• **TASK PROMPT**
Without the pictures, copy all of the data exactly.

• **DATASET CONTENT**
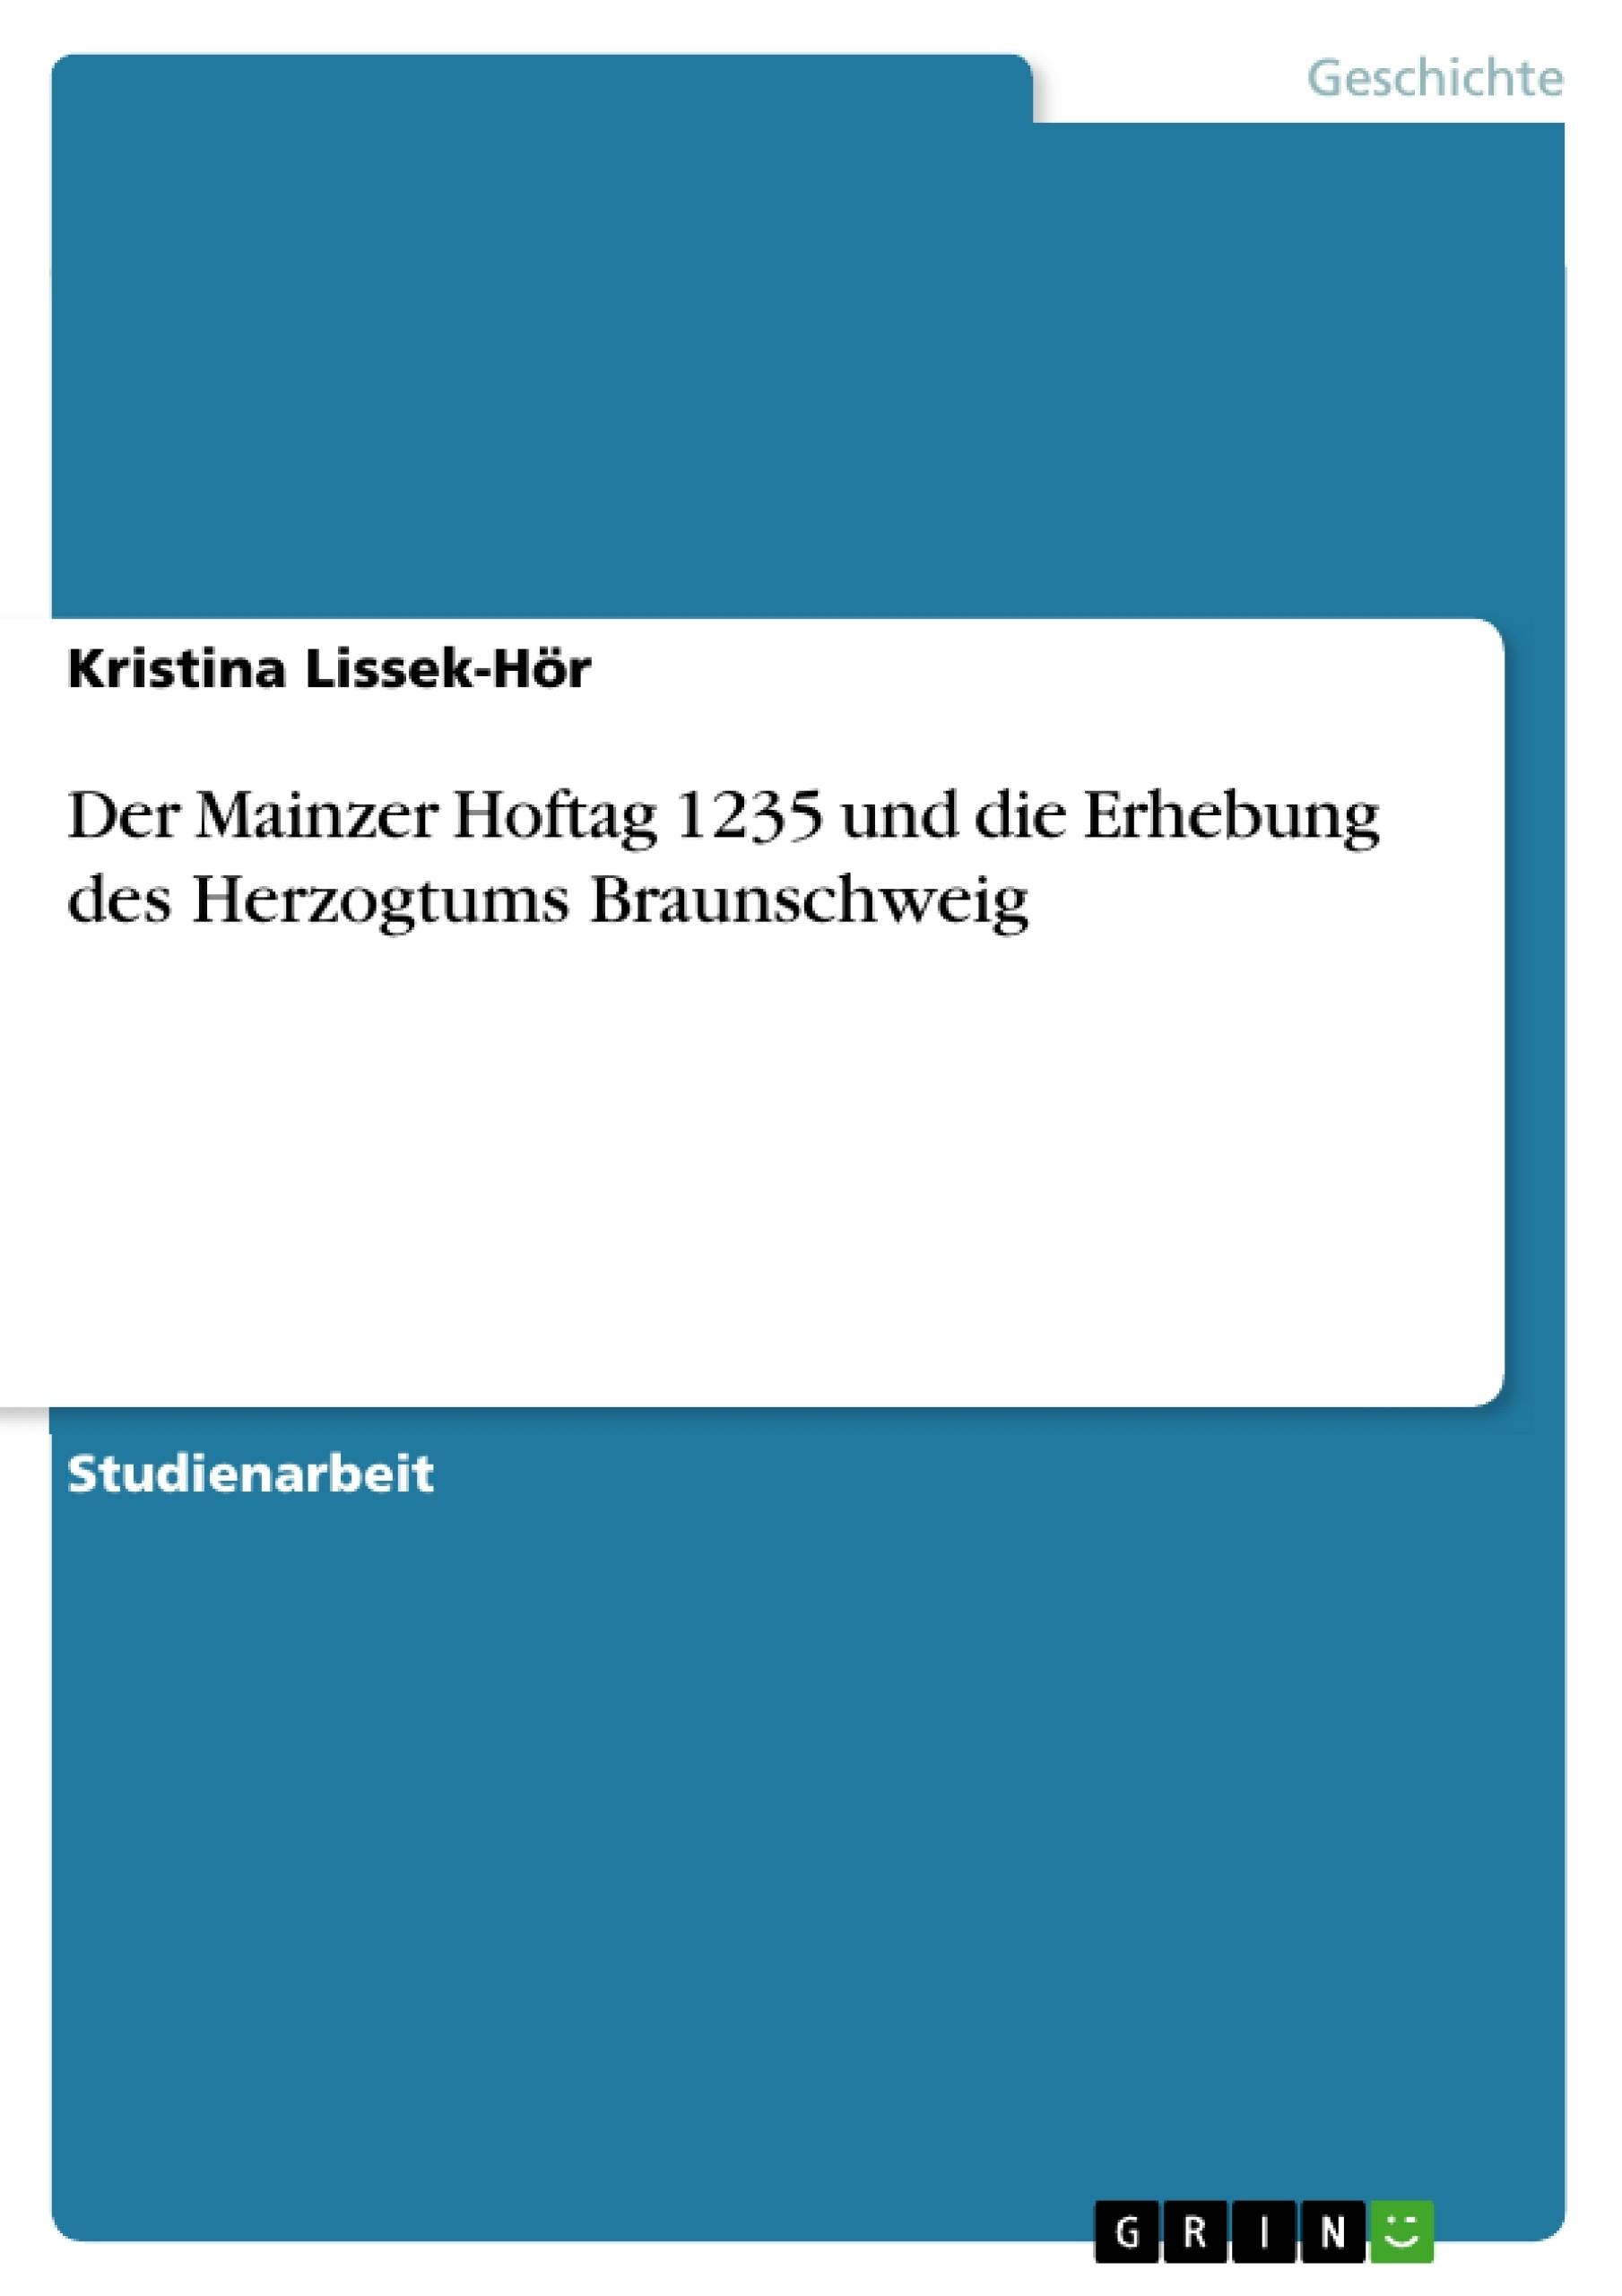 Titel: Der Mainzer Hoftag 1235 und die Erhebung des Herzogtums Braunschweig
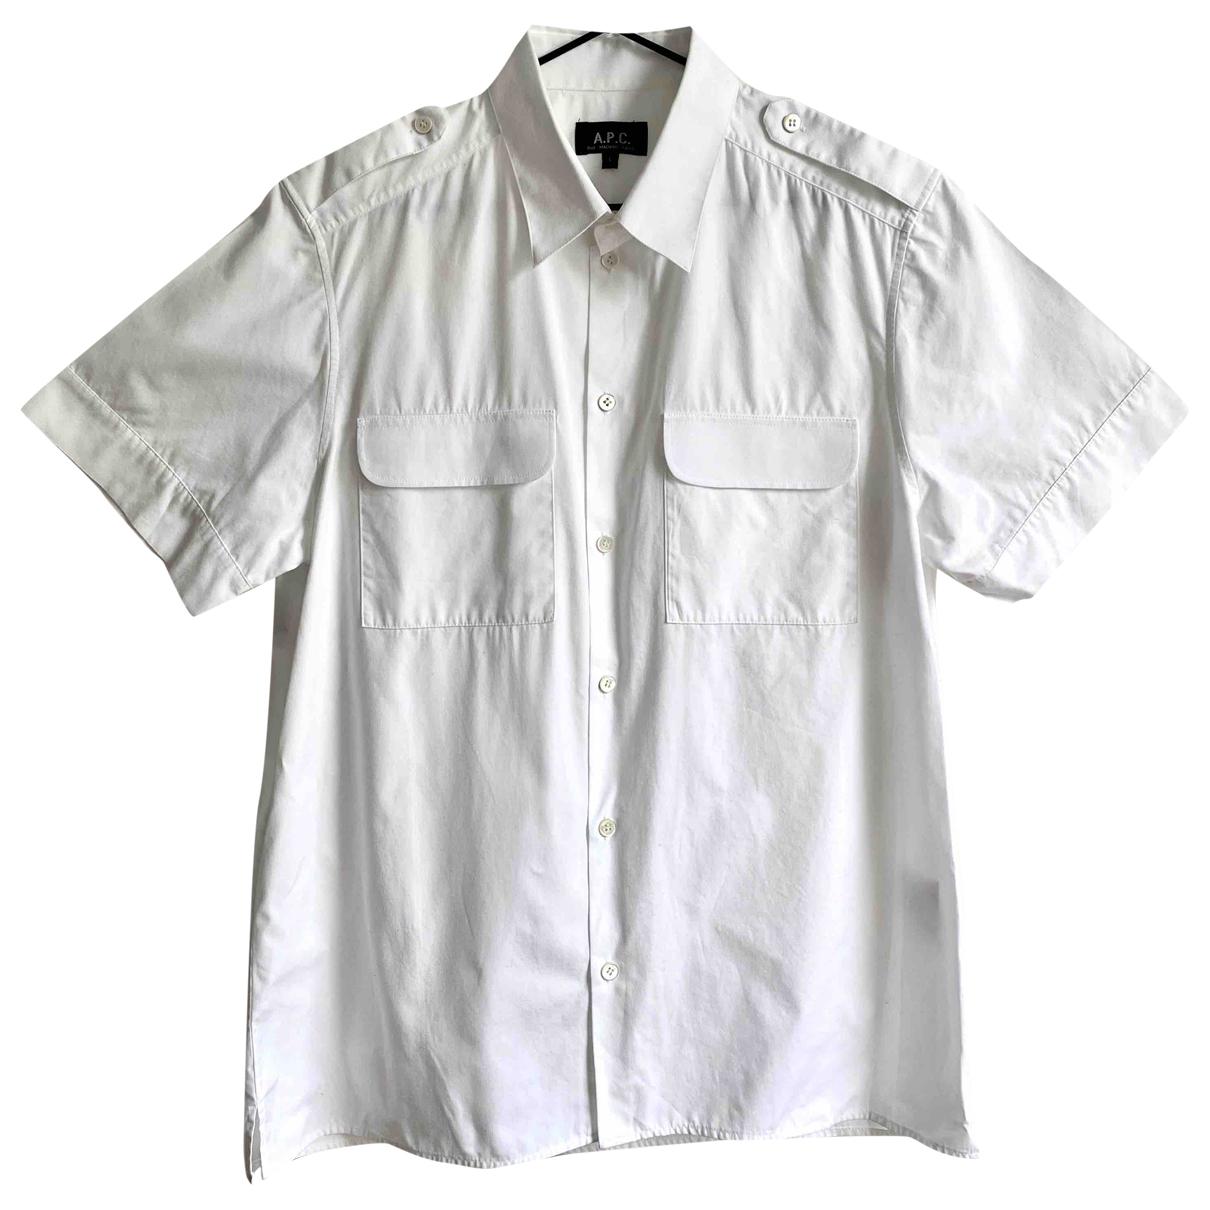 Apc - Chemises   pour homme en coton - blanc
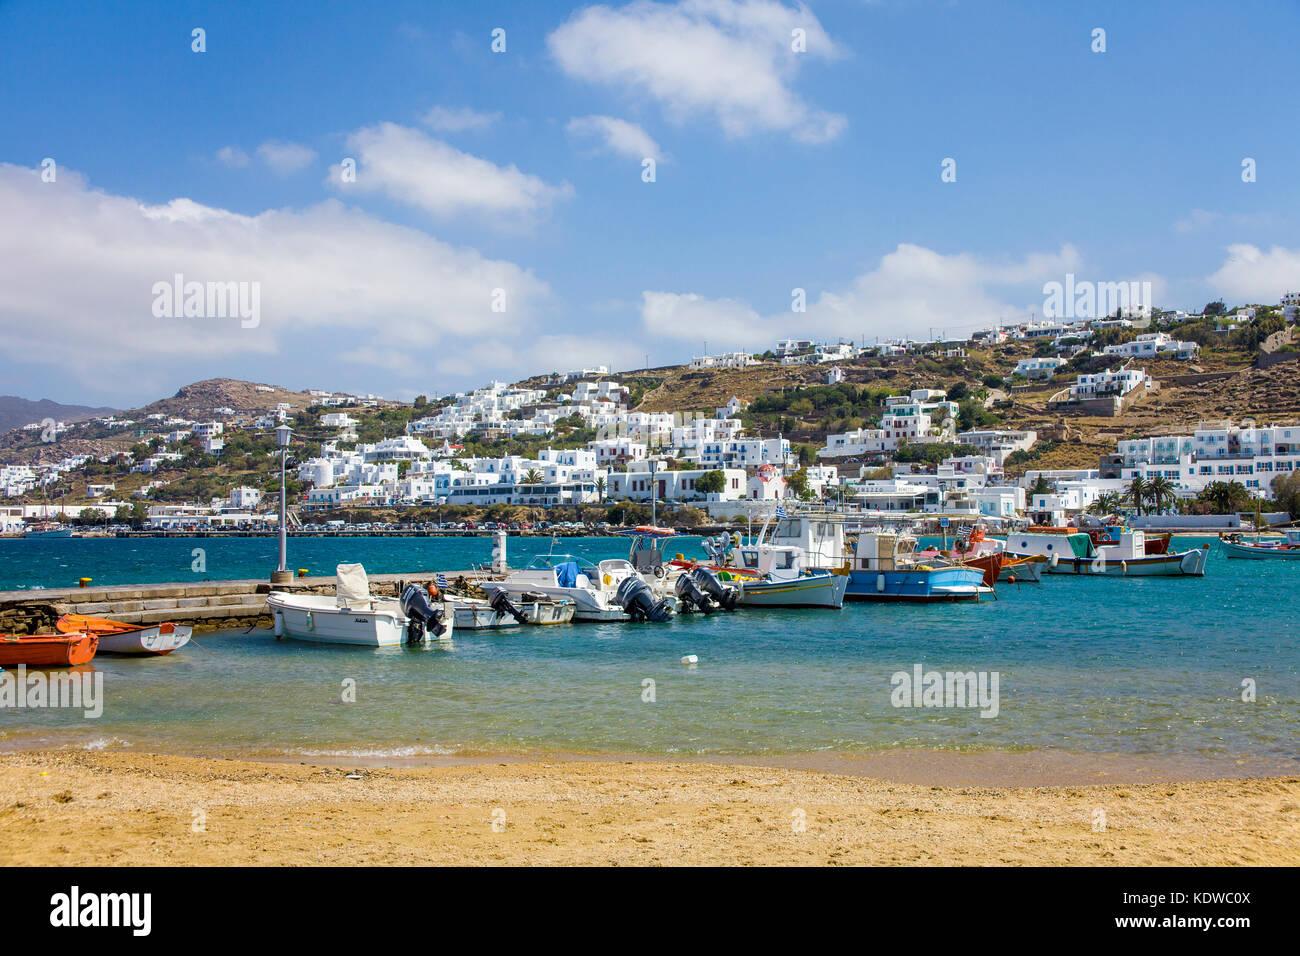 Fischerboote am Bootsanleger von Mykonos-Stadt, Mykonos, Kykladen, aegaeis, Griechenland, Mittelmeer, Europa | Fischerboote Stockbild
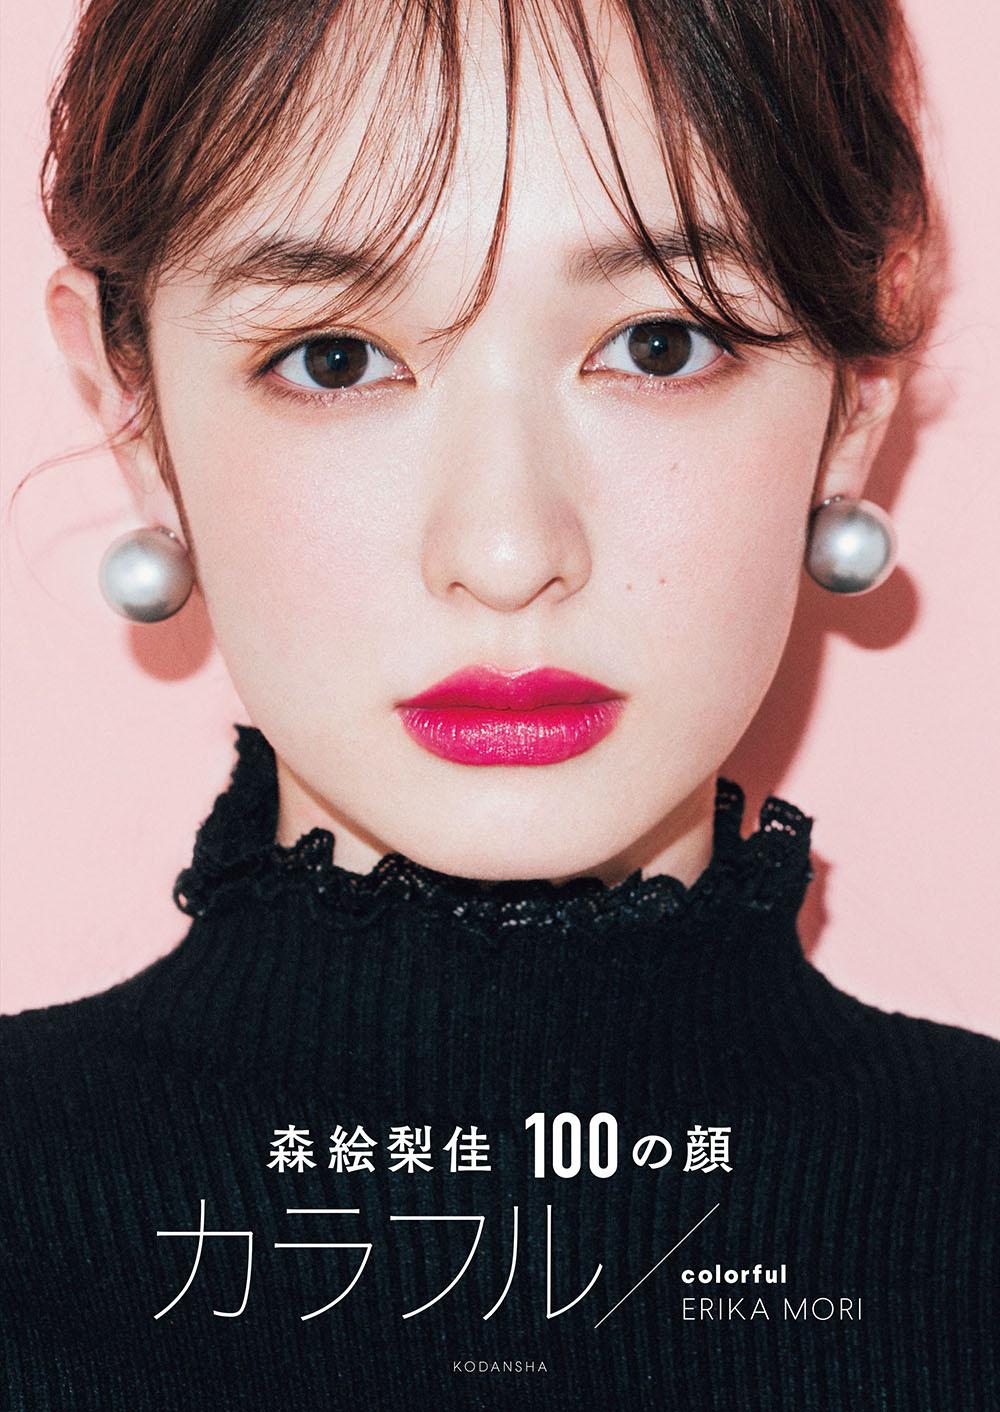 変幻自在!ビューティモデル界の女王・森絵梨佳が見せる「100の顔」サムネイル画像

• **RESPONSE AREA**
 Titel: Der Mainzer Hoftag 1235 und die Erhebung des Herzogtums Braunschweig
 Apc - Chemises   pour homme en coton - blanc
 Fischerboote am Bootsanleger von Mykonos-Stadt, Mykonos, Kykladen, aegaeis, Griechenland, Mittelmeer, Europa | Fischerboote Stockbild
 変幻自在!ビューティモデル界の女王・森絵梨佳が見せる「100の顔」サムネイル画像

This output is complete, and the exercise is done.